● **WHAT TO DO**
Exactly as written, please repeat the data that follows, but not the pictures.

---------- DATASET EXTRACT ----------

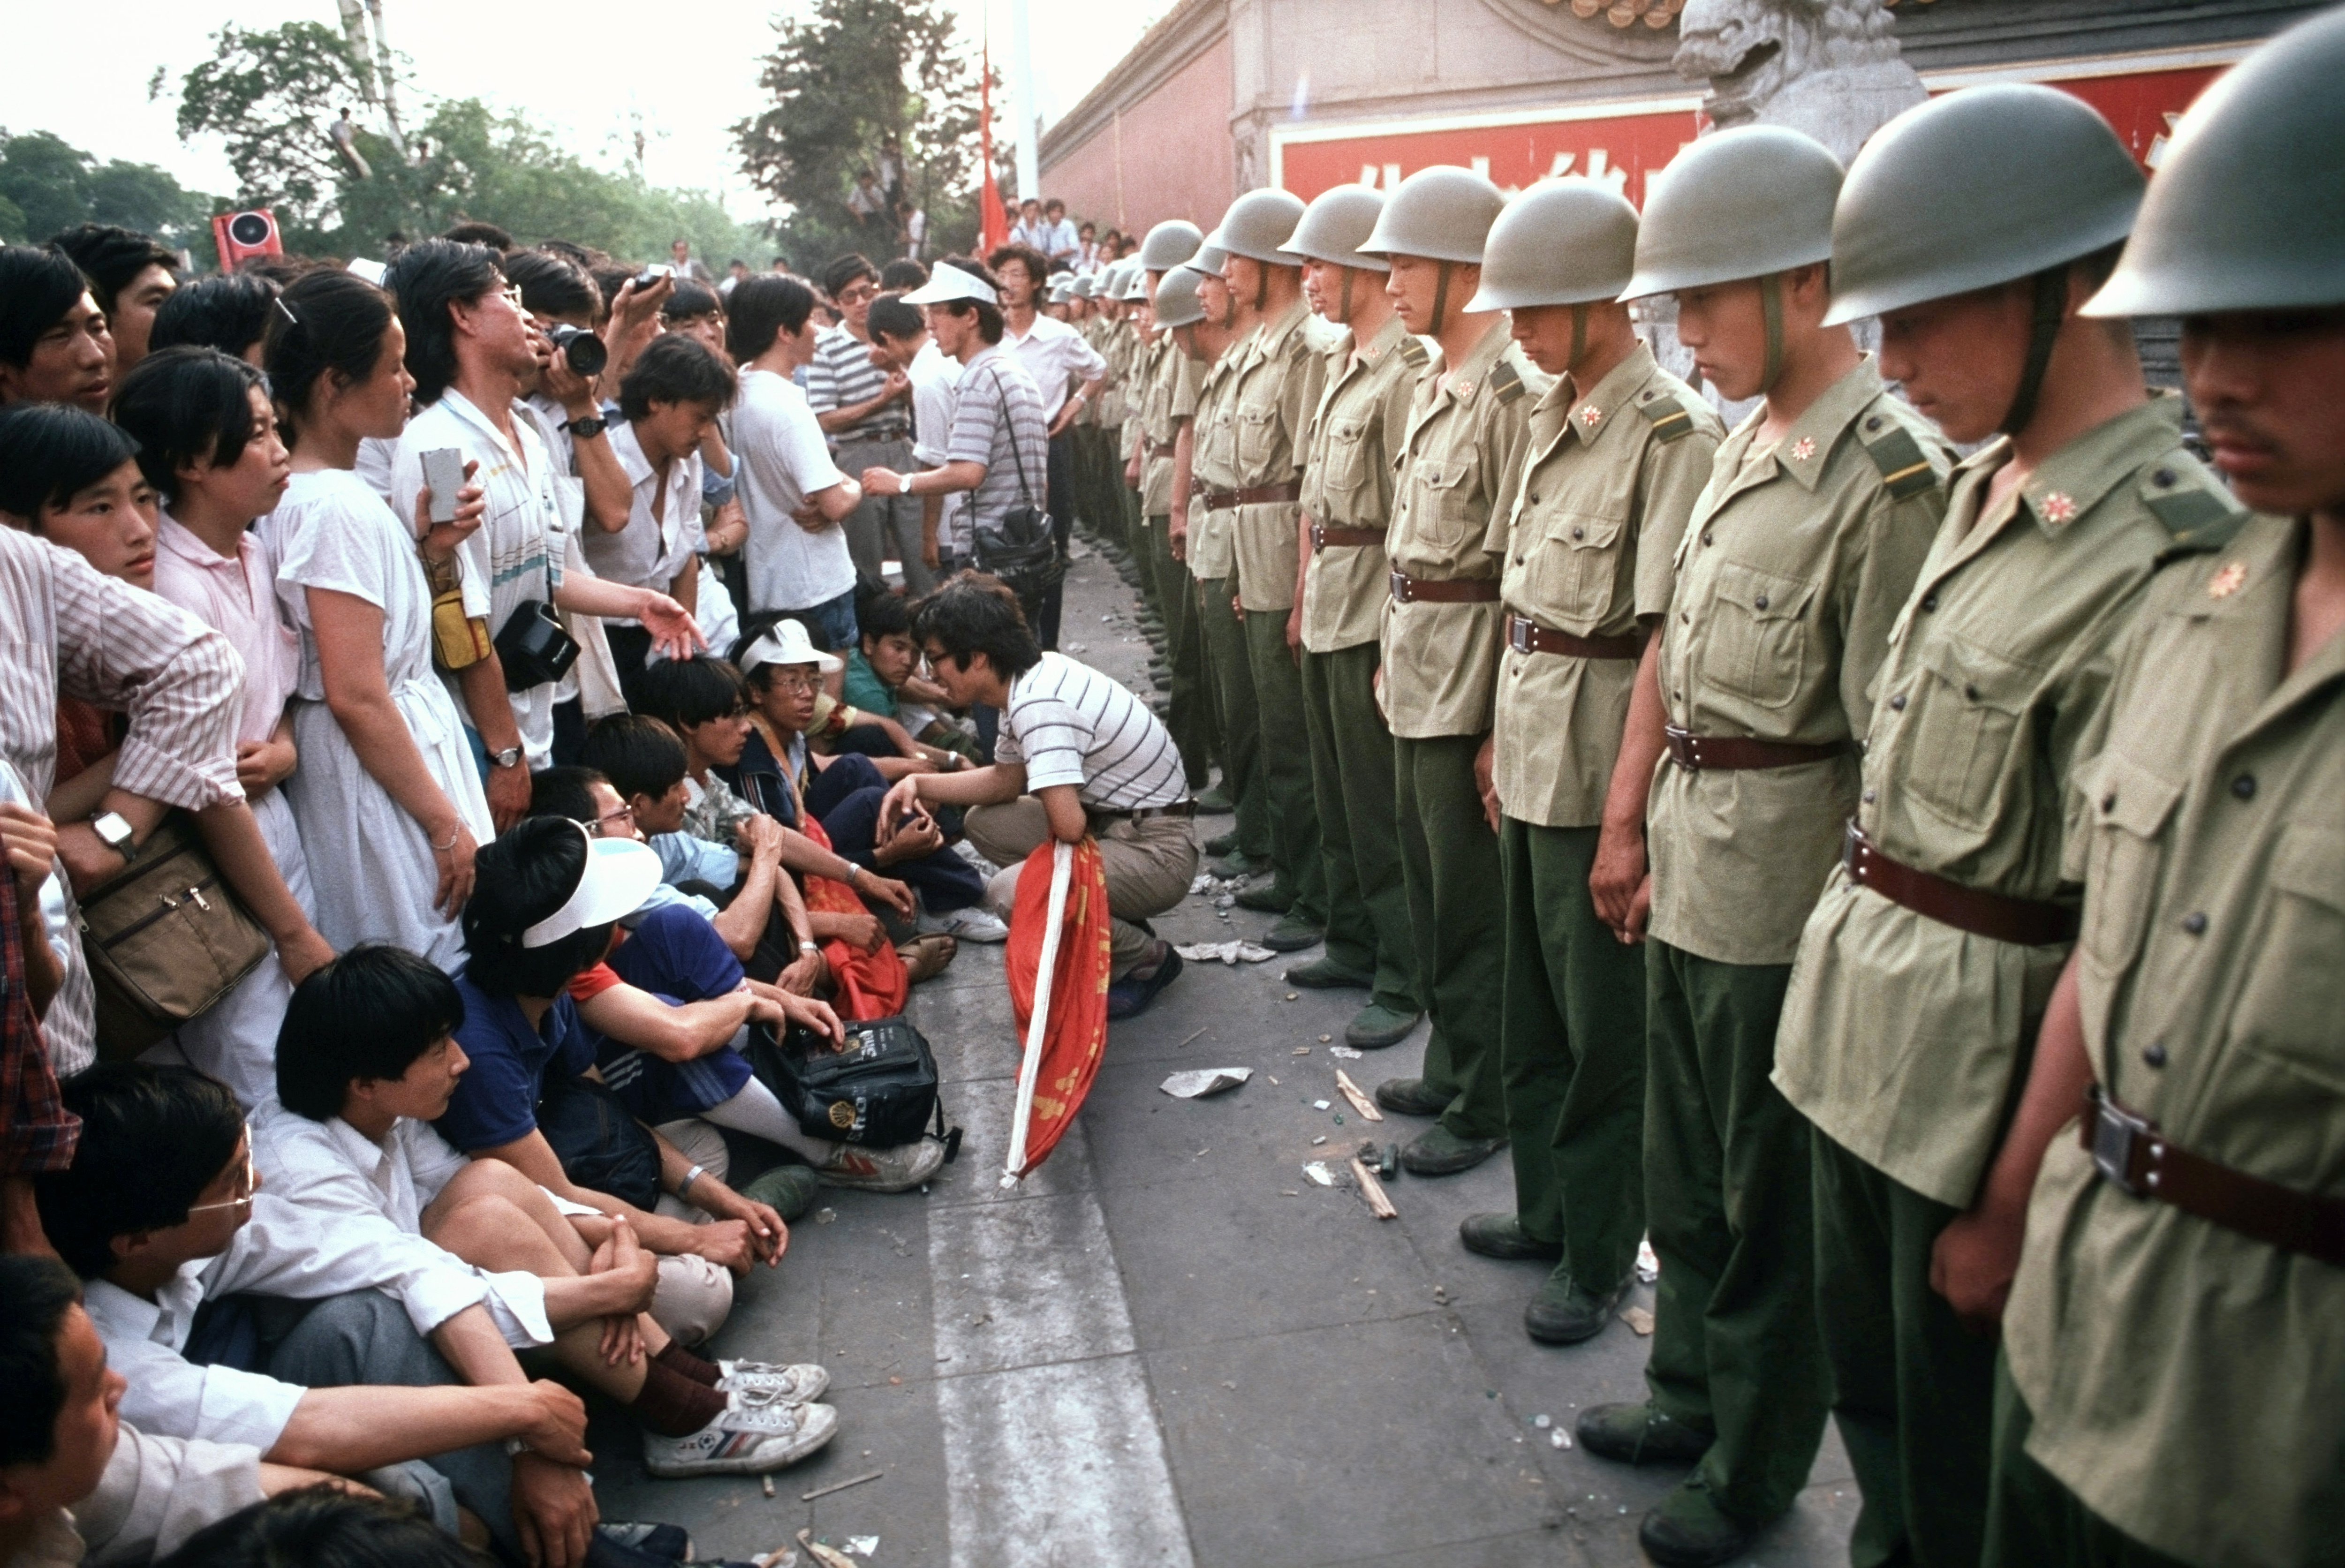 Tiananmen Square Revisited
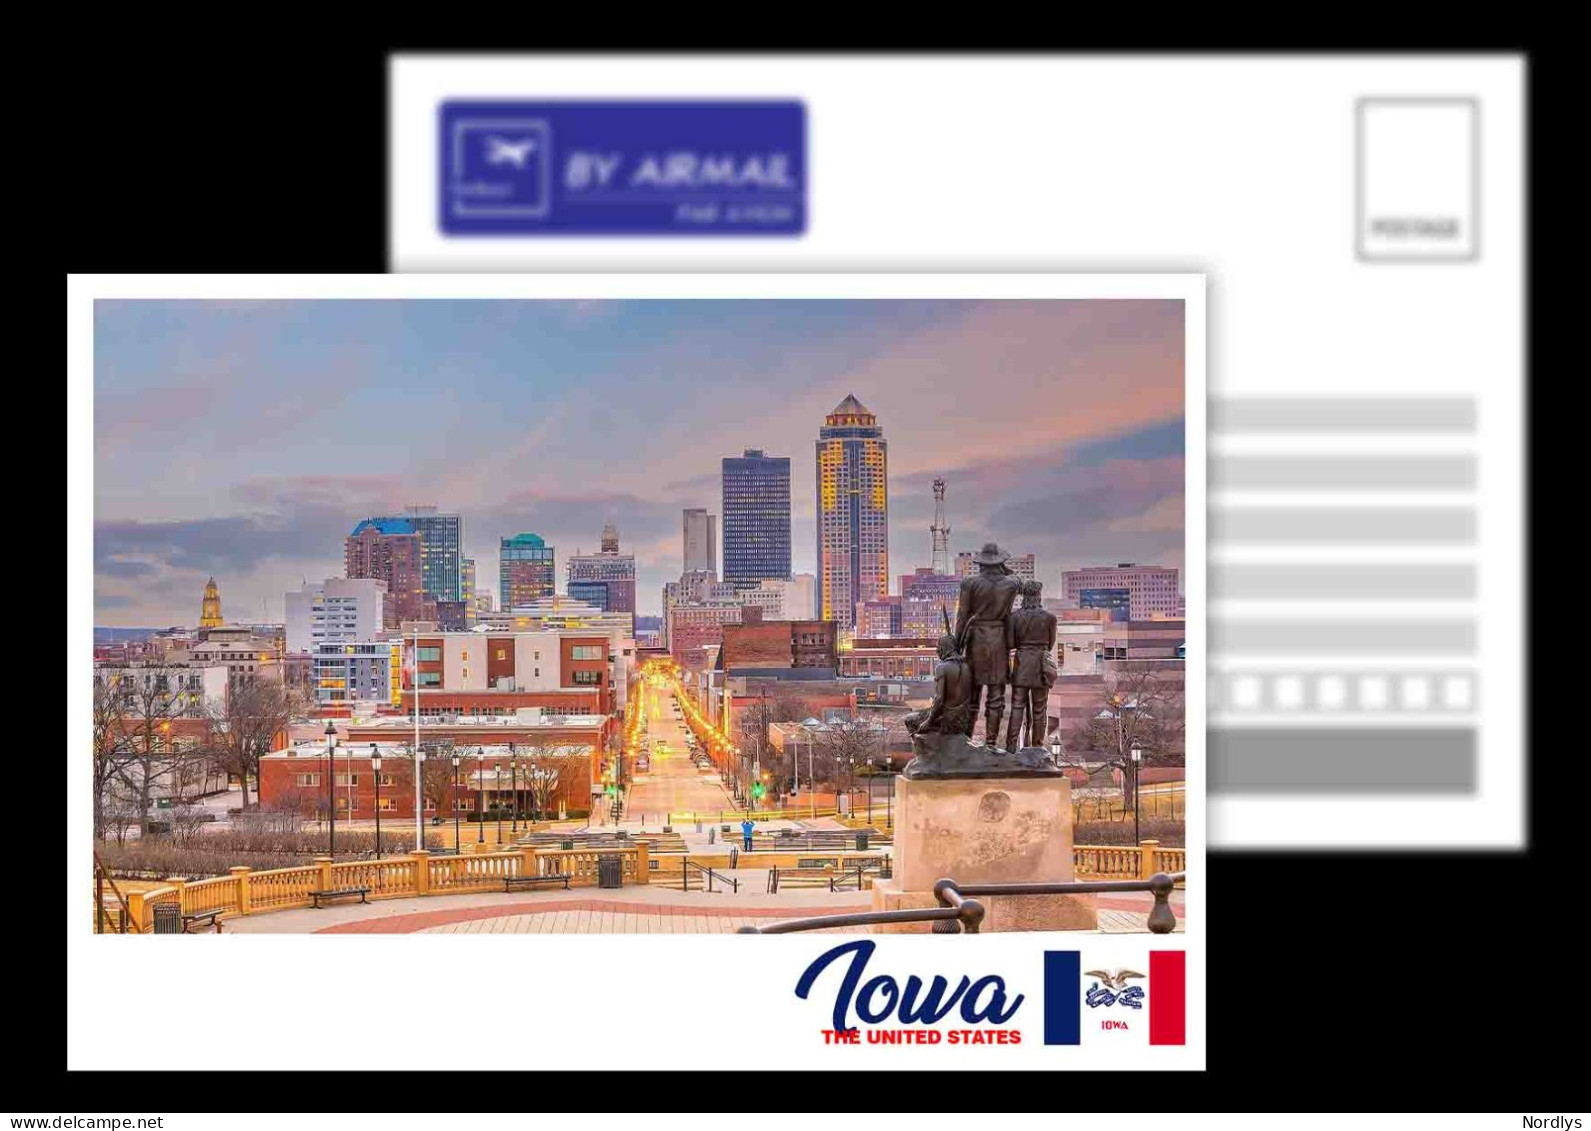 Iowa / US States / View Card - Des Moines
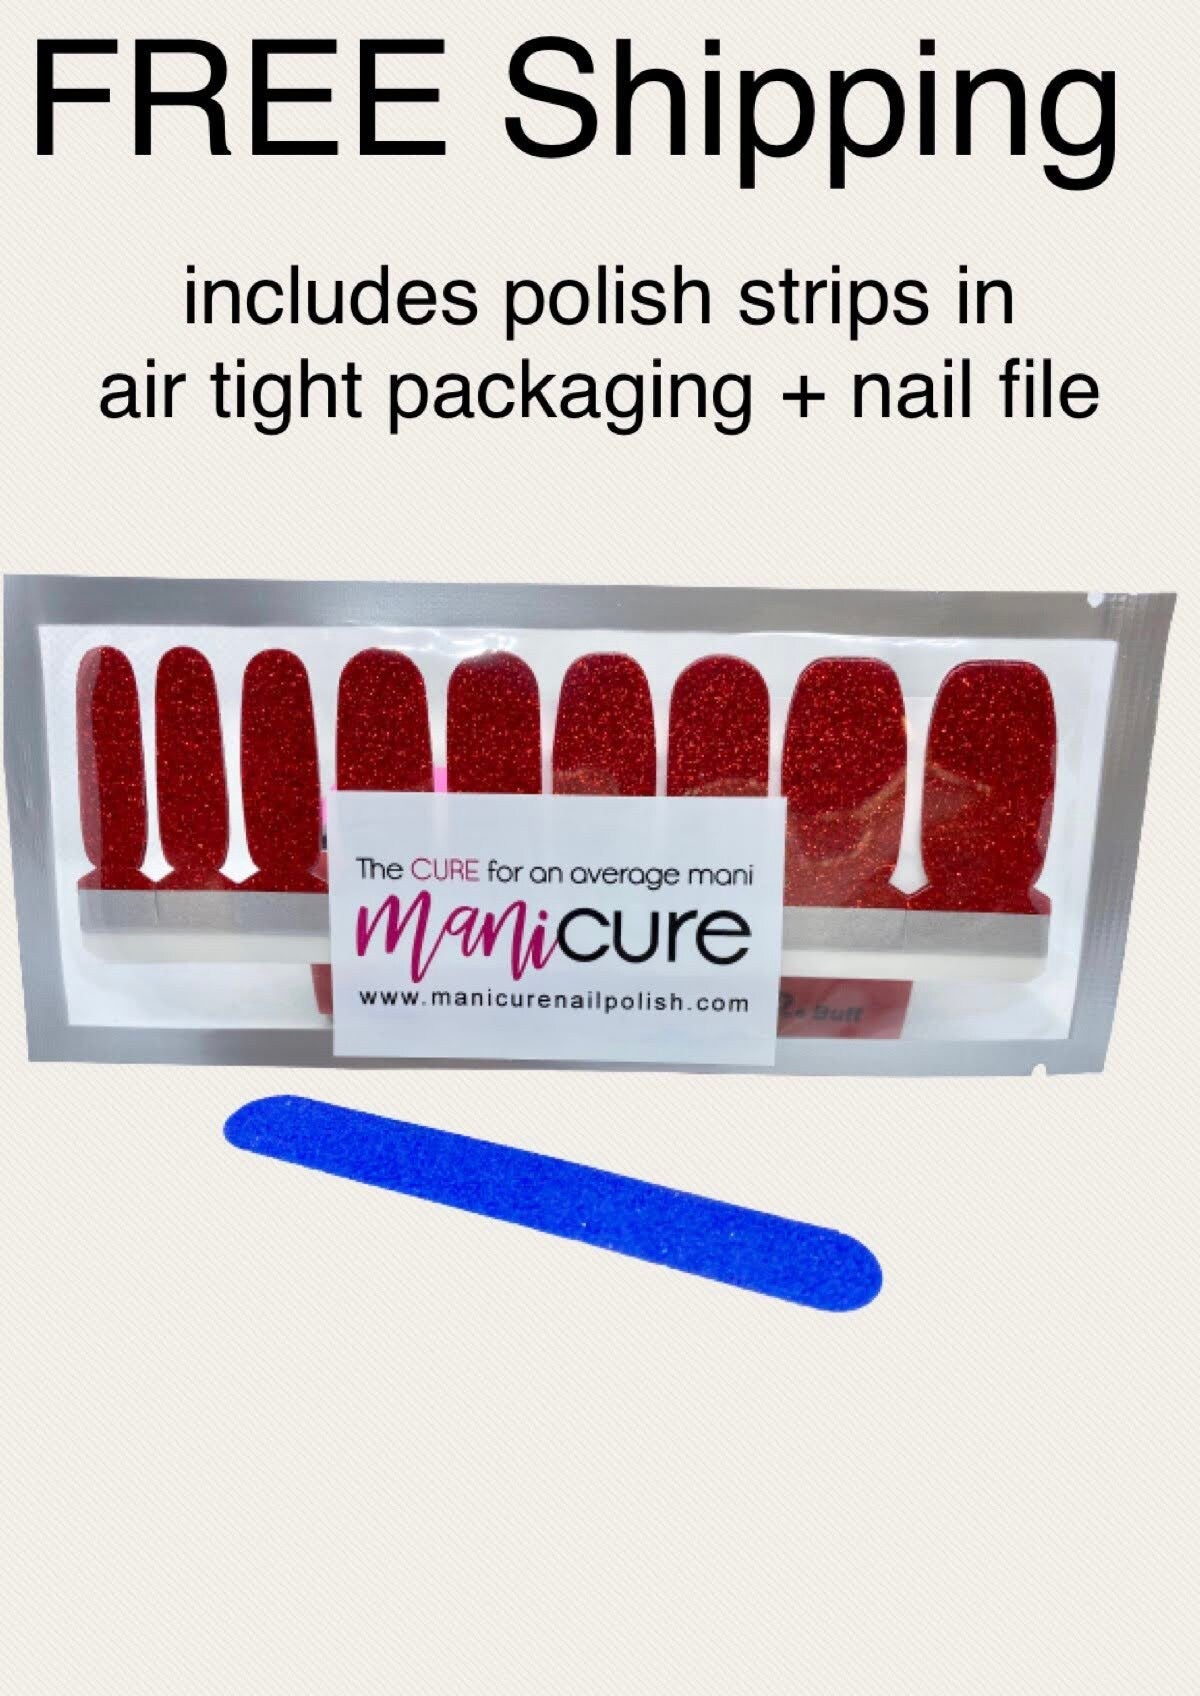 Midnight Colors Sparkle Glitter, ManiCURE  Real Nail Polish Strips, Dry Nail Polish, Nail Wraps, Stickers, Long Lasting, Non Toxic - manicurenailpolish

----------

● **RESPONSE TO THIS TASK**
 Tiananmen Square Revisited
 Iowa / US States / View Card - Des Moines
 Midnight Colors Sparkle Glitter, ManiCURE  Real Nail Polish Strips, Dry Nail Polish, Nail Wraps, Stickers, Long Lasting, Non Toxic - manicurenailpolish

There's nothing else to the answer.